Task brief >> Scan the records below for the line with "U Letter C Logo" and the line with "Yoga blocks (pair/set of 2) purple", and retype that range exactly, both ends included, pictures excepted.

Data for this task >>
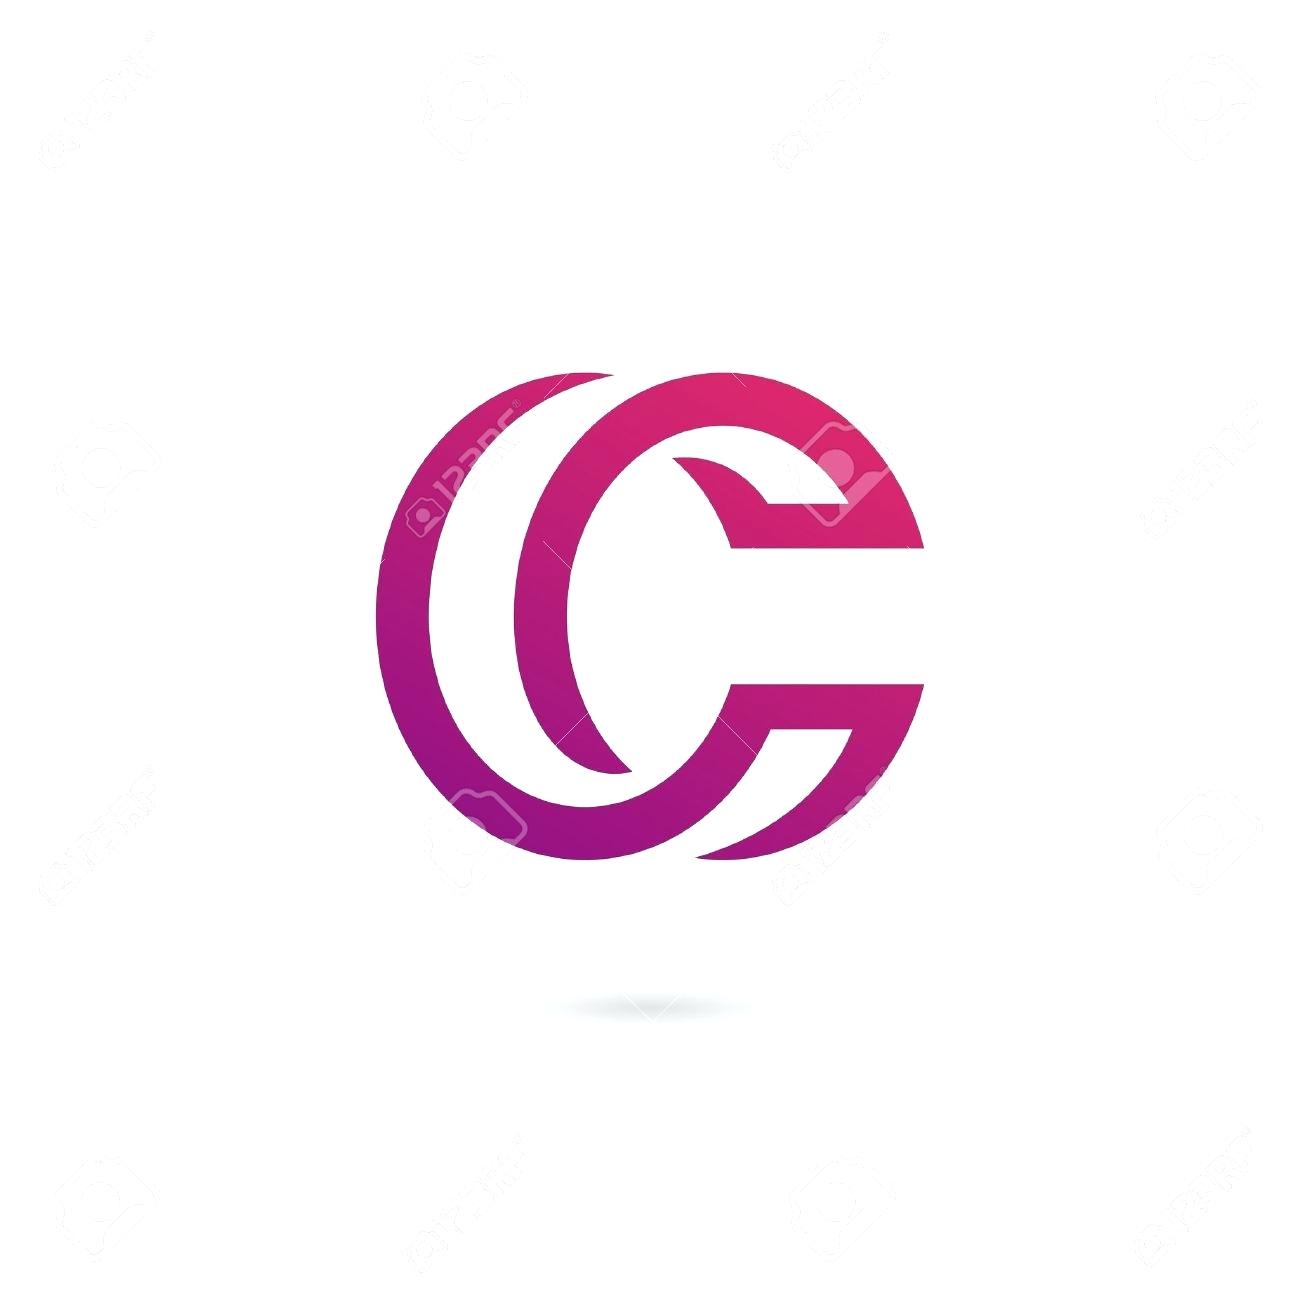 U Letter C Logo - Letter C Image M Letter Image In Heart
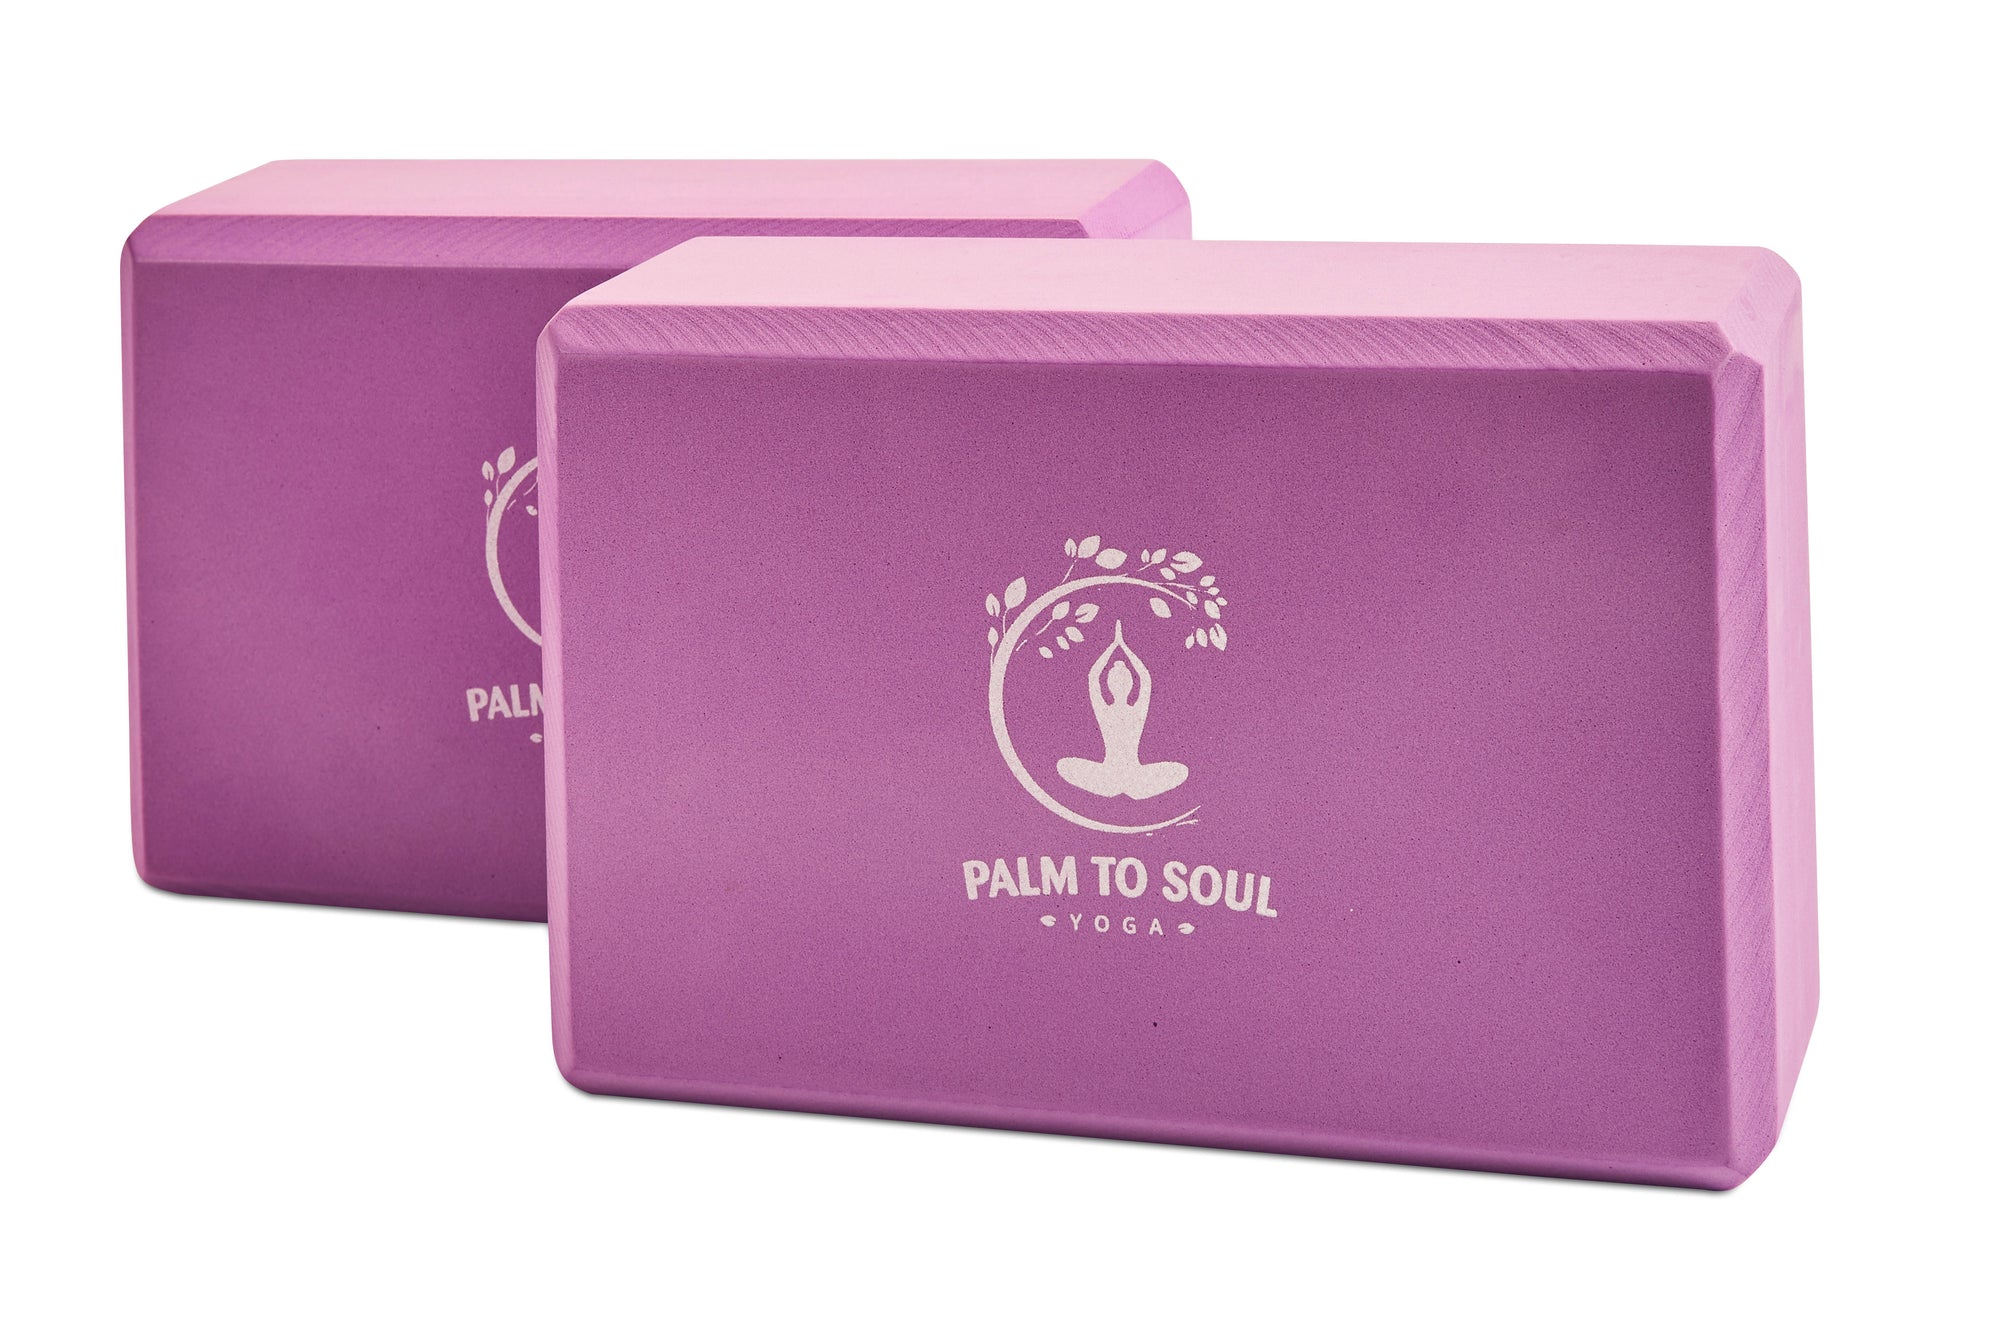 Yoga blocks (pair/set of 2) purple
---
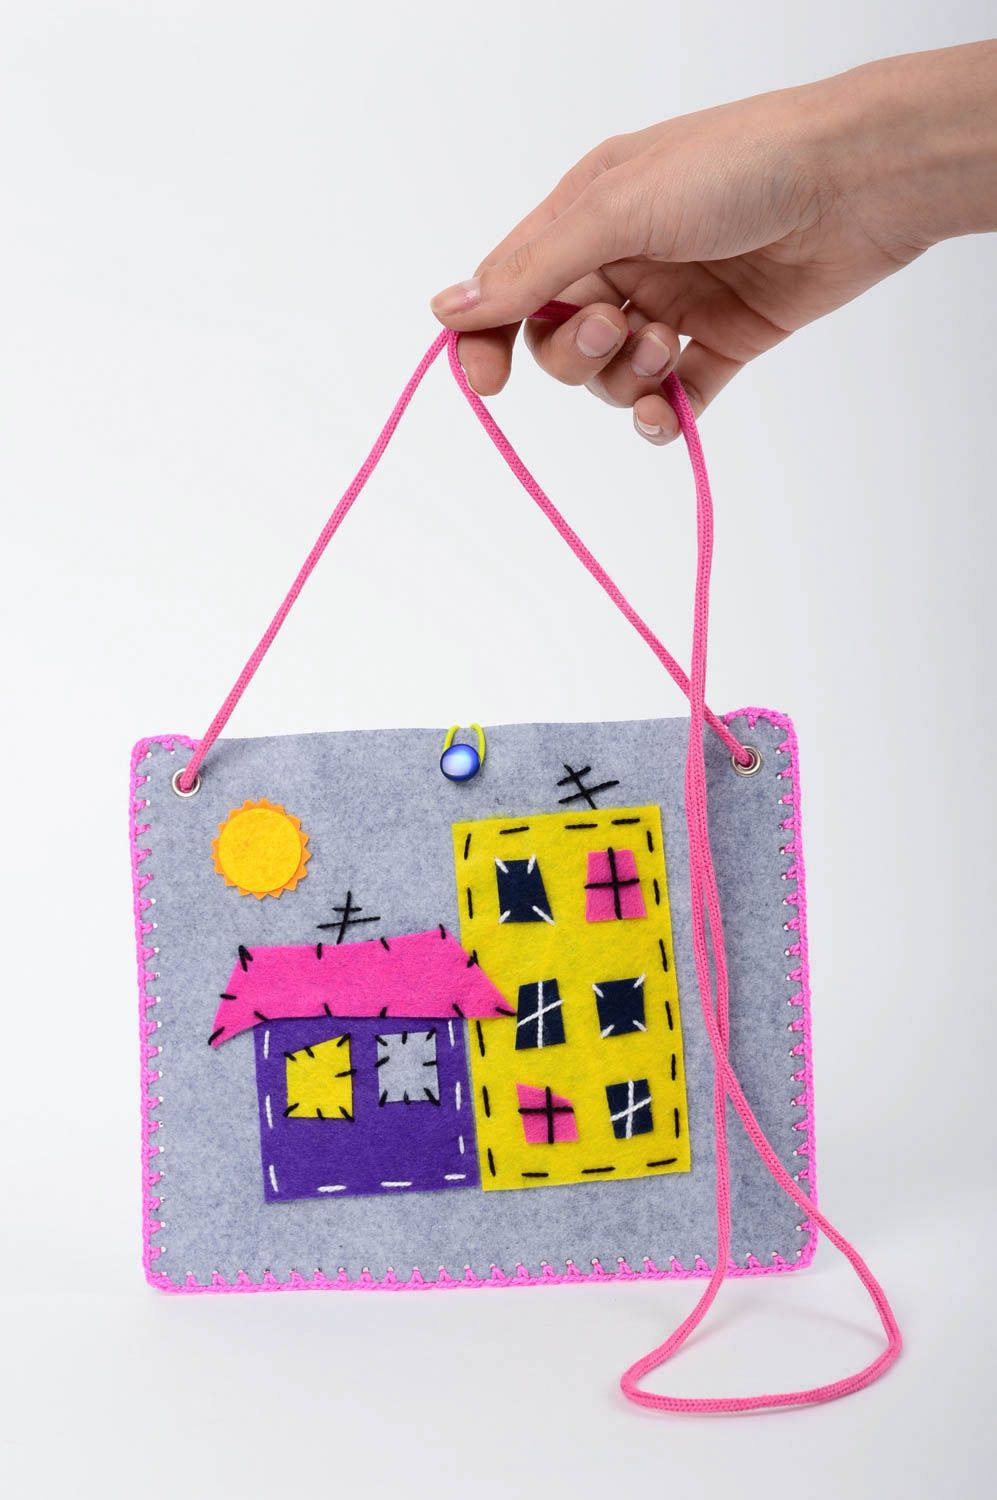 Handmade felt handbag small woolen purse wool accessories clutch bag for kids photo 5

Answer to this exercise >>
 U Letter C Logo - Letter C Image M Letter Image In Heart
 Yoga blocks (pair/set of 2) purple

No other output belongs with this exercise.